Guest: Val Riley, VP of Marketing at Unbounce
Host: Daniel Murray
Date: October 29, 2025
This episode takes a no-nonsense, highly practical look at landing pages with Val Riley, VP of Marketing at Unbounce. Daniel and Val break down the essentials of creating high-converting landing pages, respond to recent Google updates affecting ad quality, explore how marketers should align ads and landing pages, and draw out the crucial role of AI in landing page design and marketing workflow. You'll find hands-on advice, memorable analogies, and clear strategies that every marketer can put to work—whether you're B2B, B2C, agency-side, or in-house.

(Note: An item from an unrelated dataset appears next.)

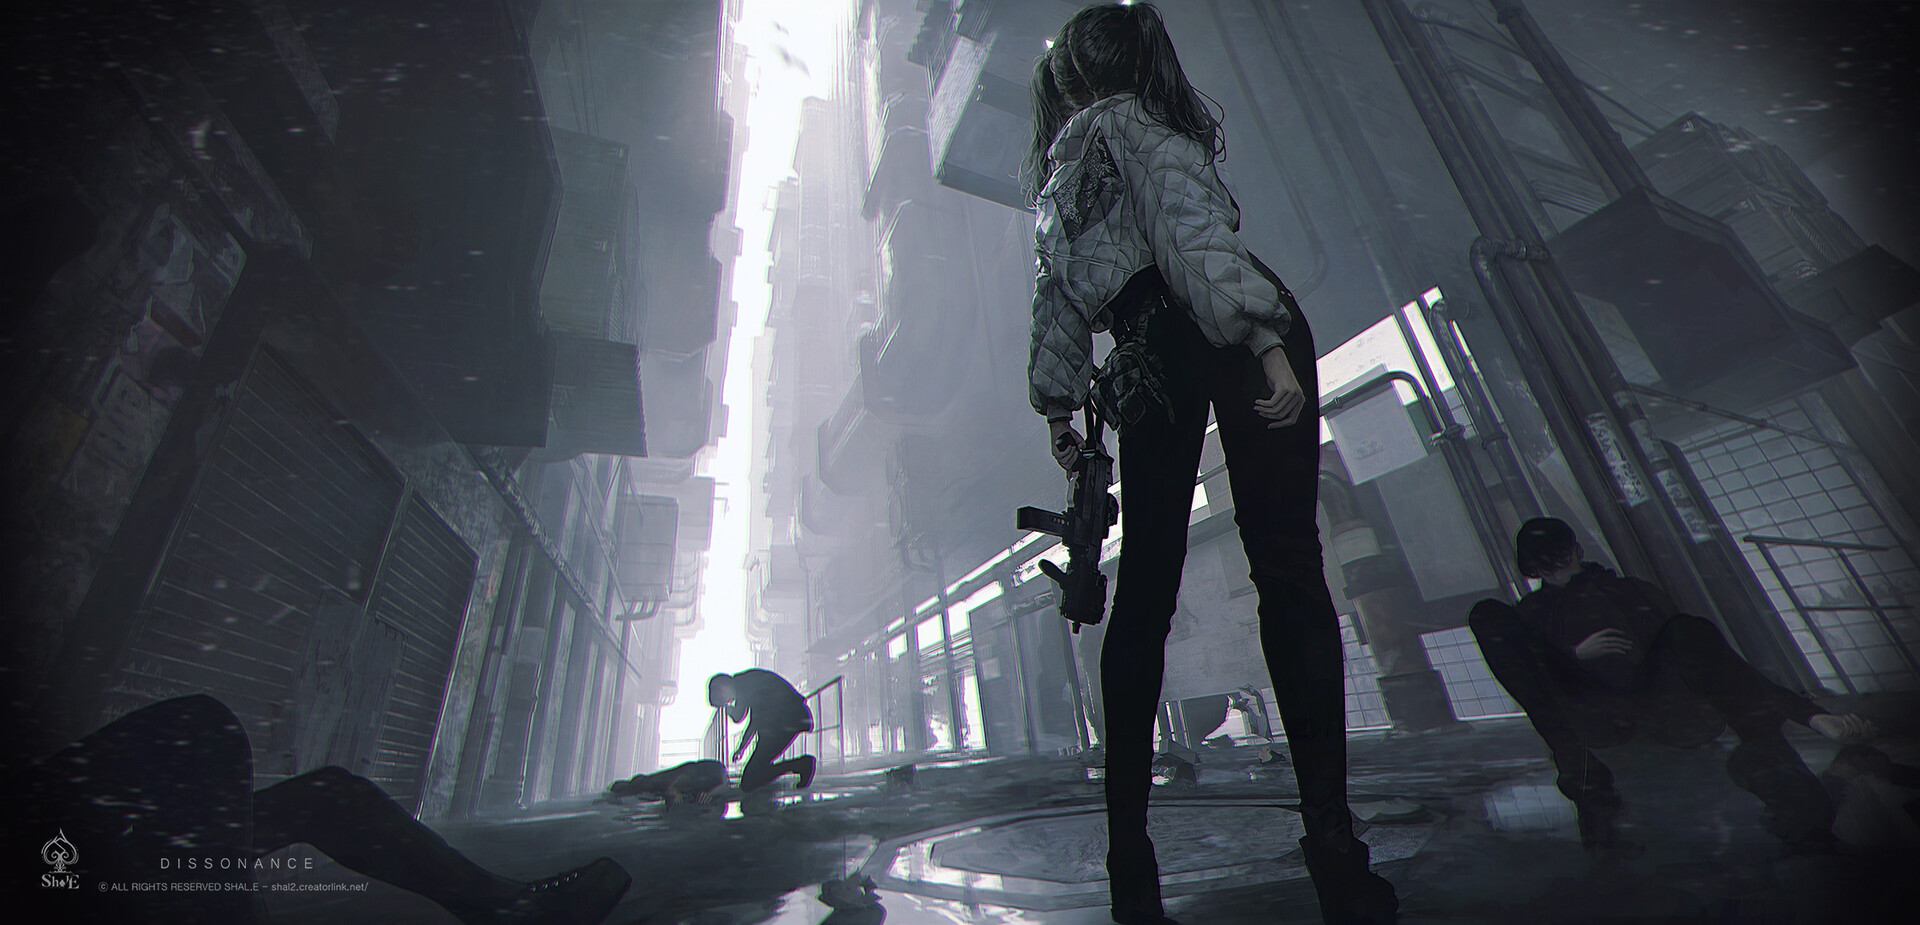 Shal E Drawing Women Pigtails Alleyway Weapon Submachine Gun Low Angle Jacket 1920x925
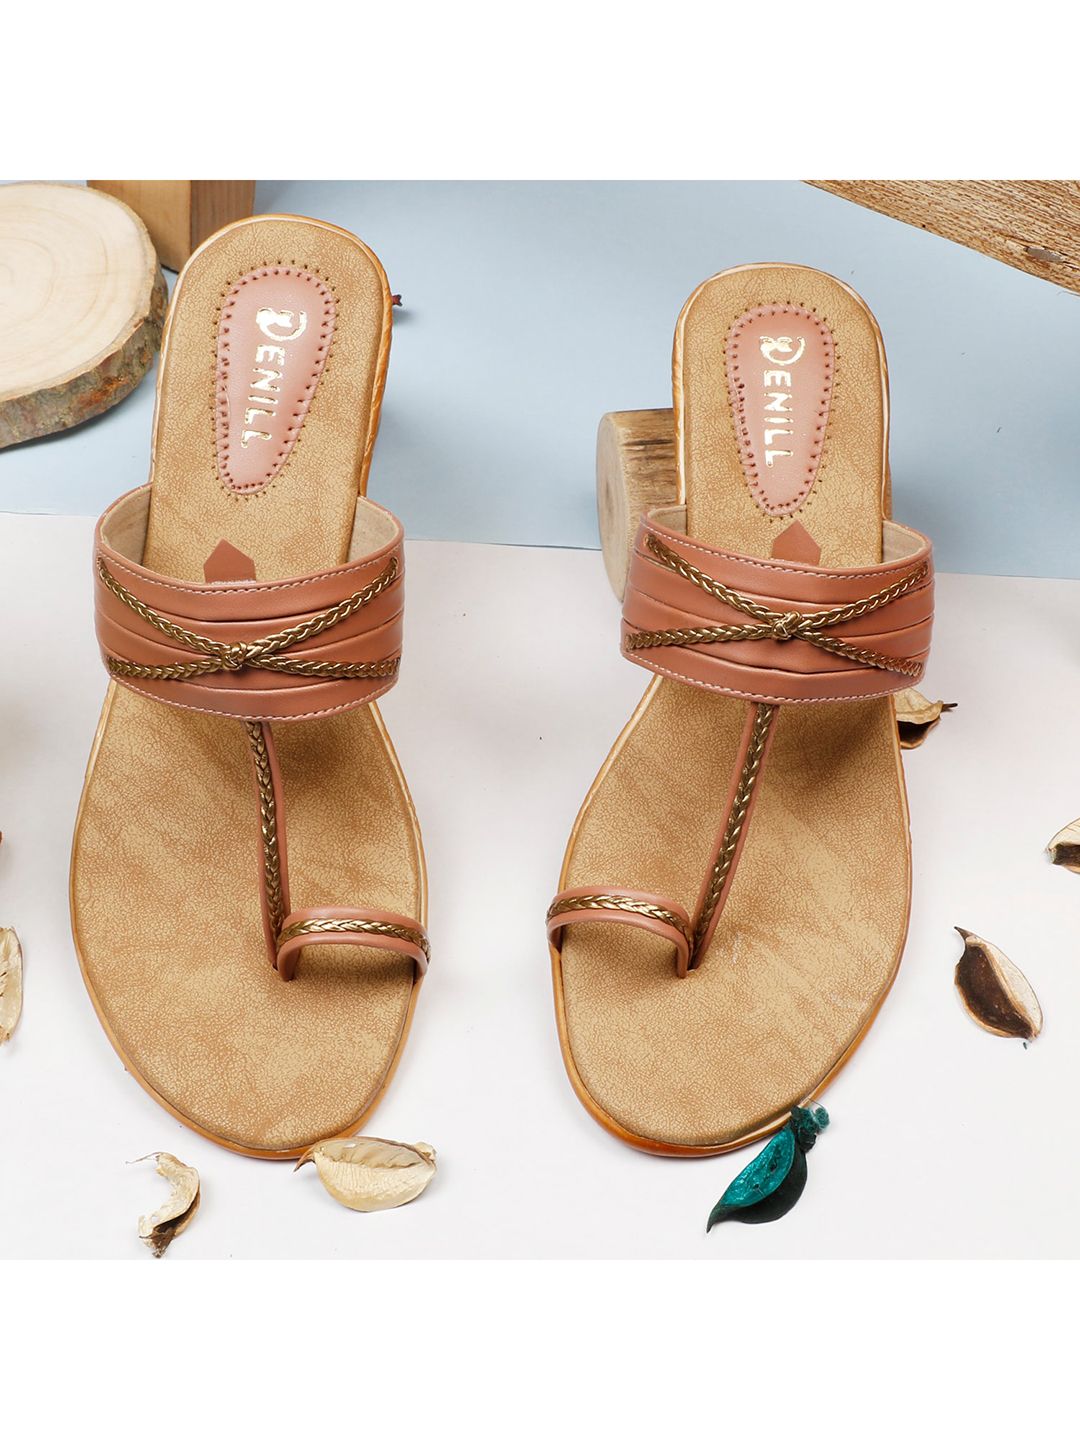 Denill Peach-Coloured & Rose Gold-Toned Braided Woven Design One-Toe Wedges Price in India

"[M]y ability to write was something that differentiated me... content marketing is what really drew me in."
(Val Riley, 01:23)
"If your landing page doesn't have relevance... and it isn't easily navigable, then there's a good chance they're not going to serve up your ad."
(Val, 03:17)
"…52% of B2B landing pages, B2B ads, PPC ads, go to homepages still today in this day. And it's just shocking..."
(Val, 05:00)
"...experiment, experiment, experiment."
(Val, 09:56)
"We all have to become AI powered marketers."
(Val, 15:03)
"It's basically like going back... and saying hey everybody, keep doing manual filing and don't use the internet, don't use a computer..."
(Daniel, 15:38)
"Every time we want to open up a job requisition, we're asked how much of this role can be done with AI..."
(Val, 17:01)
"Smart Traffic will... send the traffic to the version of that landing page that is most likely to convert..."
(Val, 19:29)
“So many organizations... don’t have access to the CRM, which floors me. ...You should make your tools work for you and, and help close the gap between marketing and sales.”
(Val, 22:51)
"Your tool should not be the reason... you're not succeeding as a marketing team."
(Daniel, 27:41)
"I come back to the phrase easy button because it really is."
(Val, 31:16)
"Learning how to write prompts... will blow your mind as to how much those tools can do for you."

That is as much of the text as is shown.